Problem details =
From the line containing "- Unauthorized use" to the line containing "Gear Technology May" in the entries below, reproduce every line exactly, ends included. Nothing else belongs in the copy, and no pictures.
:: Dataset excerpts ::
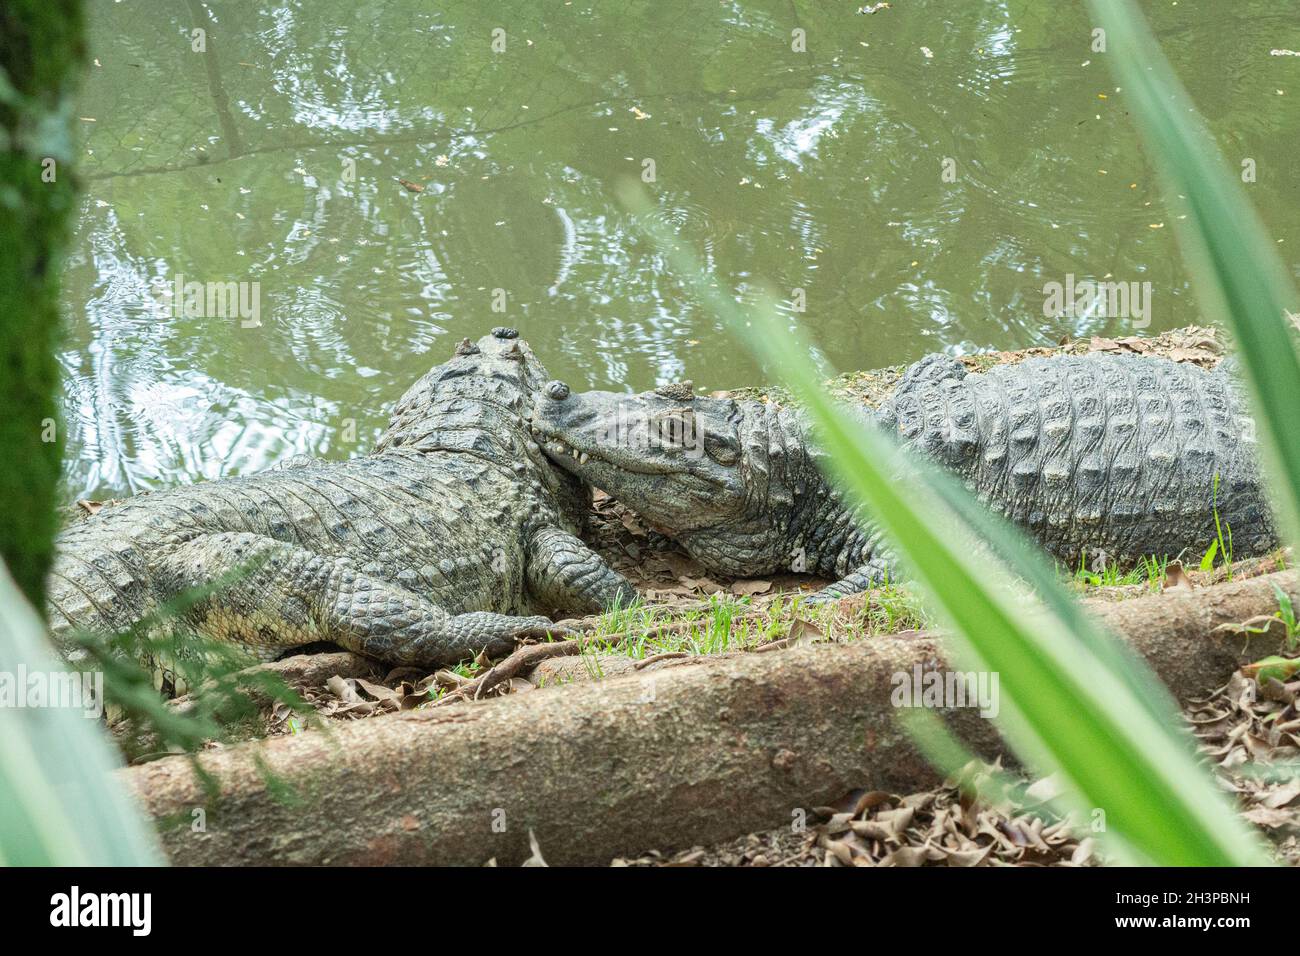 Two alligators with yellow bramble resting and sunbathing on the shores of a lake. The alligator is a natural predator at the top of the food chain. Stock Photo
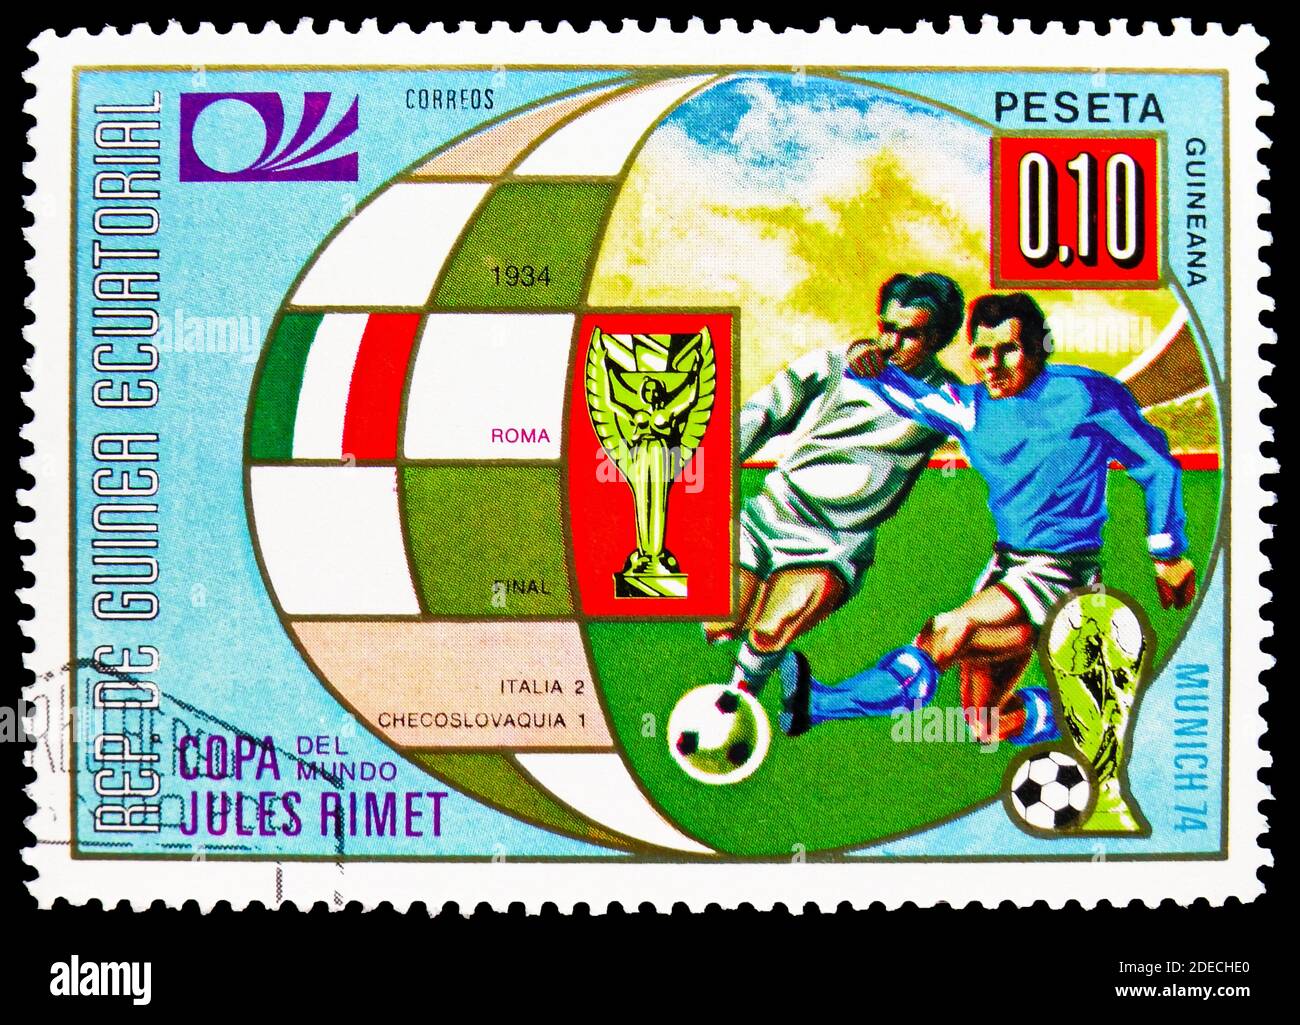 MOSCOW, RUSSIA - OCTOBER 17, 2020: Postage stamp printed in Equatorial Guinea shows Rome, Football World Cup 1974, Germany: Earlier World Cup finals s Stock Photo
:::
:: Dataset excerpts ::
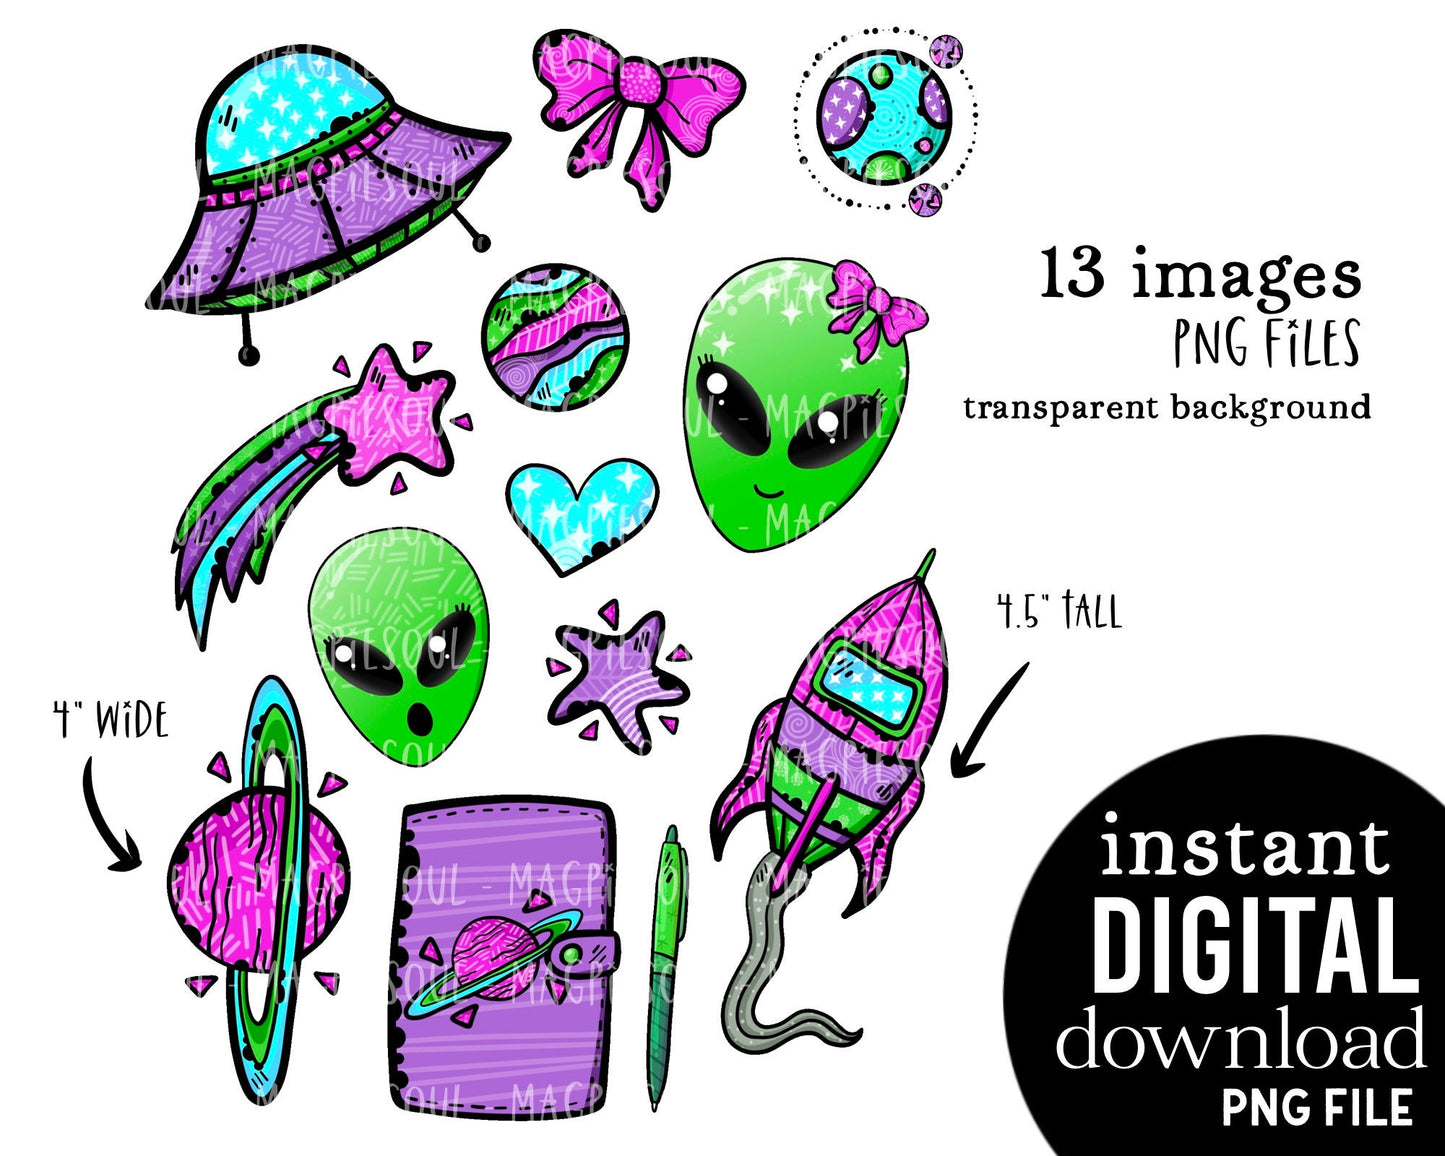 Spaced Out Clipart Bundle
:::
:: Dataset excerpts ::
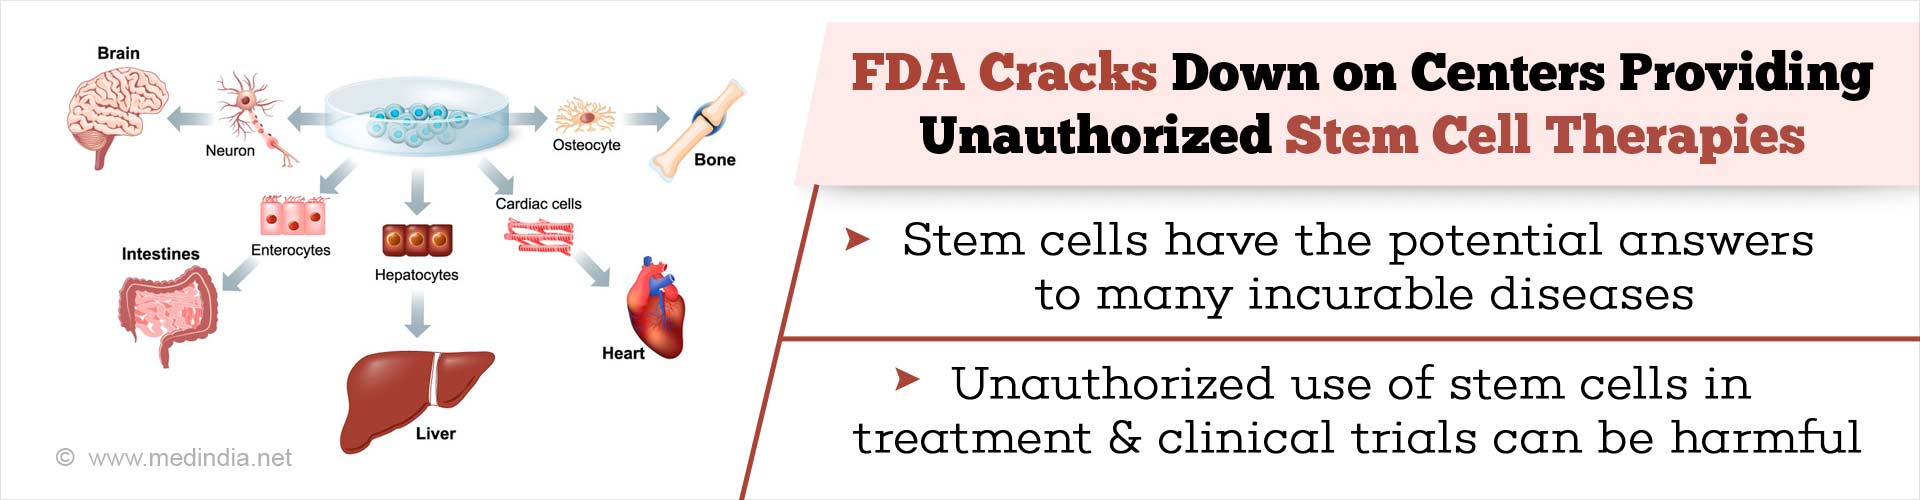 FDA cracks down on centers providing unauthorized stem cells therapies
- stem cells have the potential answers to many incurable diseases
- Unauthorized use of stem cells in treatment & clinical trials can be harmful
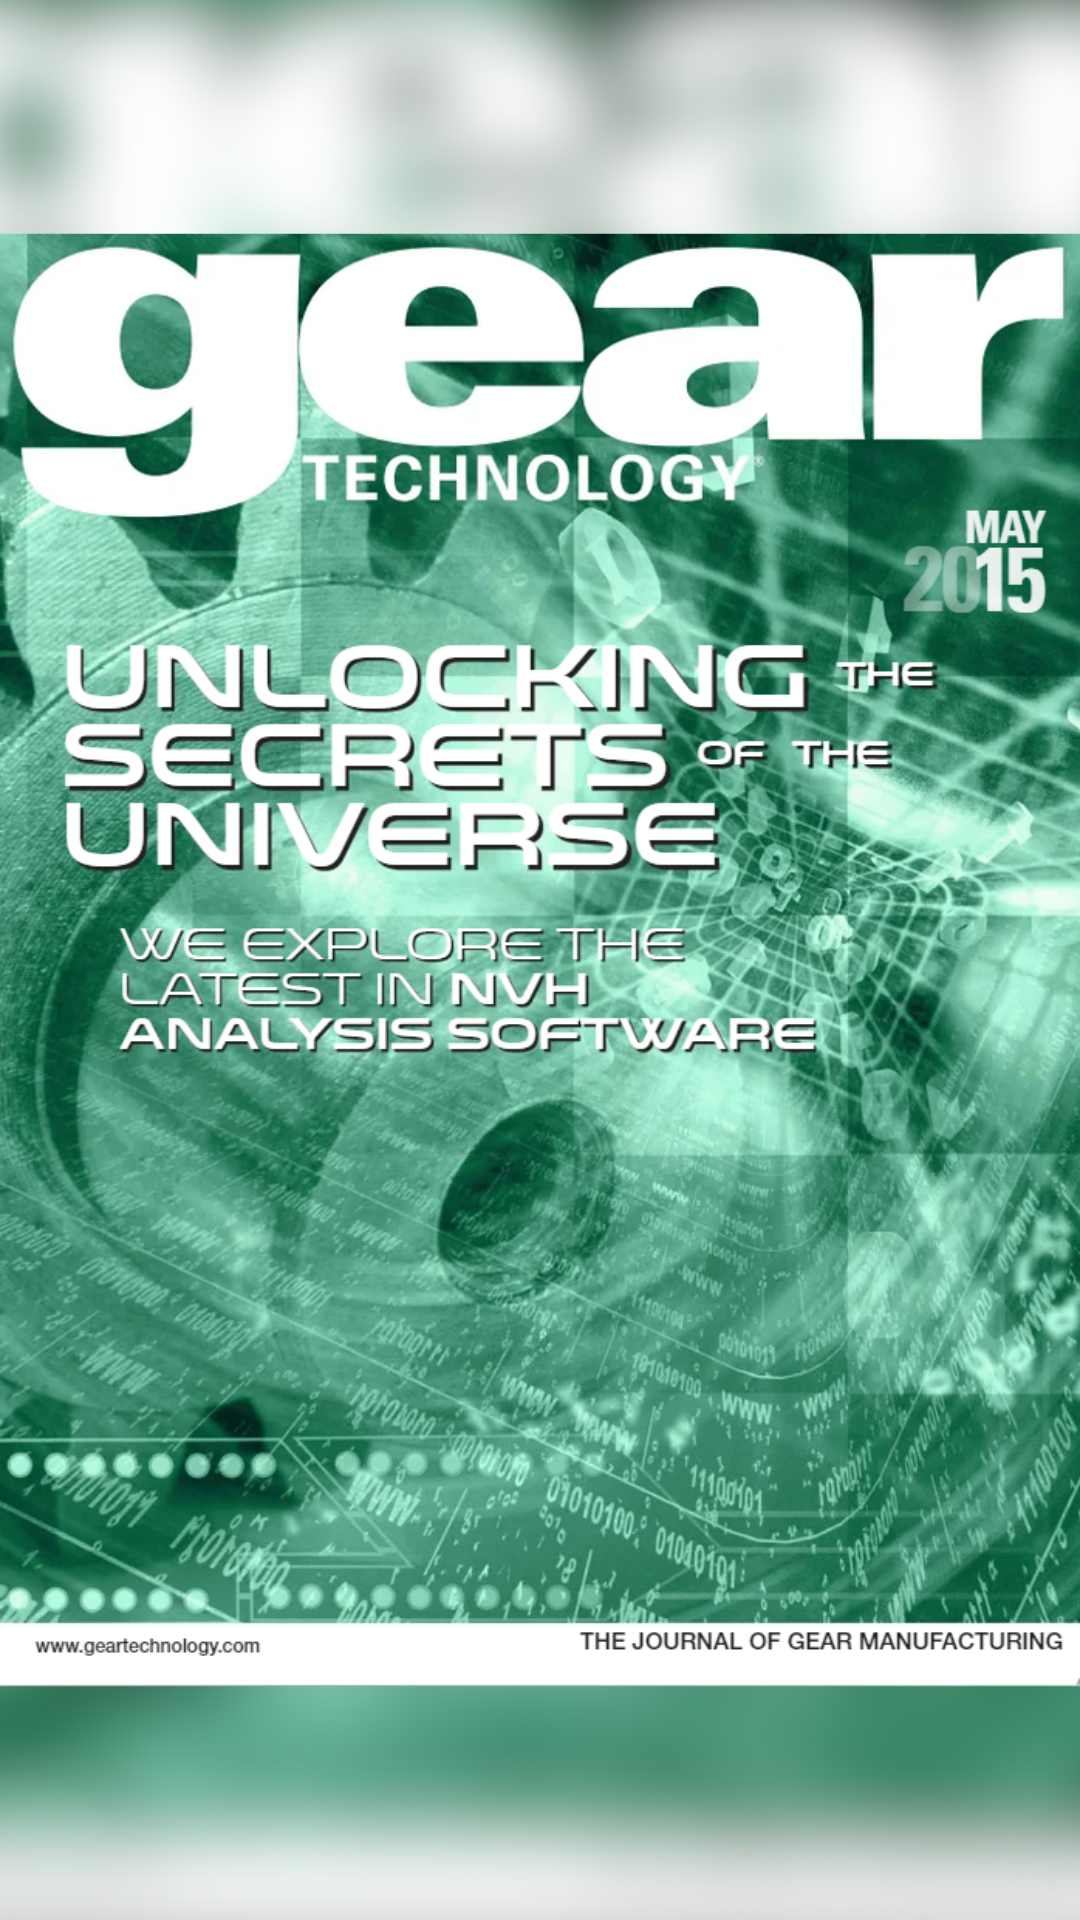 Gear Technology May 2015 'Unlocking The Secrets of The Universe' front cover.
:::
Solution to this exercise =
- Unauthorized use of stem cells in treatment & clinical trials can be harmful
 Gear Technology May 2015 'Unlocking The Secrets of The Universe' front cover.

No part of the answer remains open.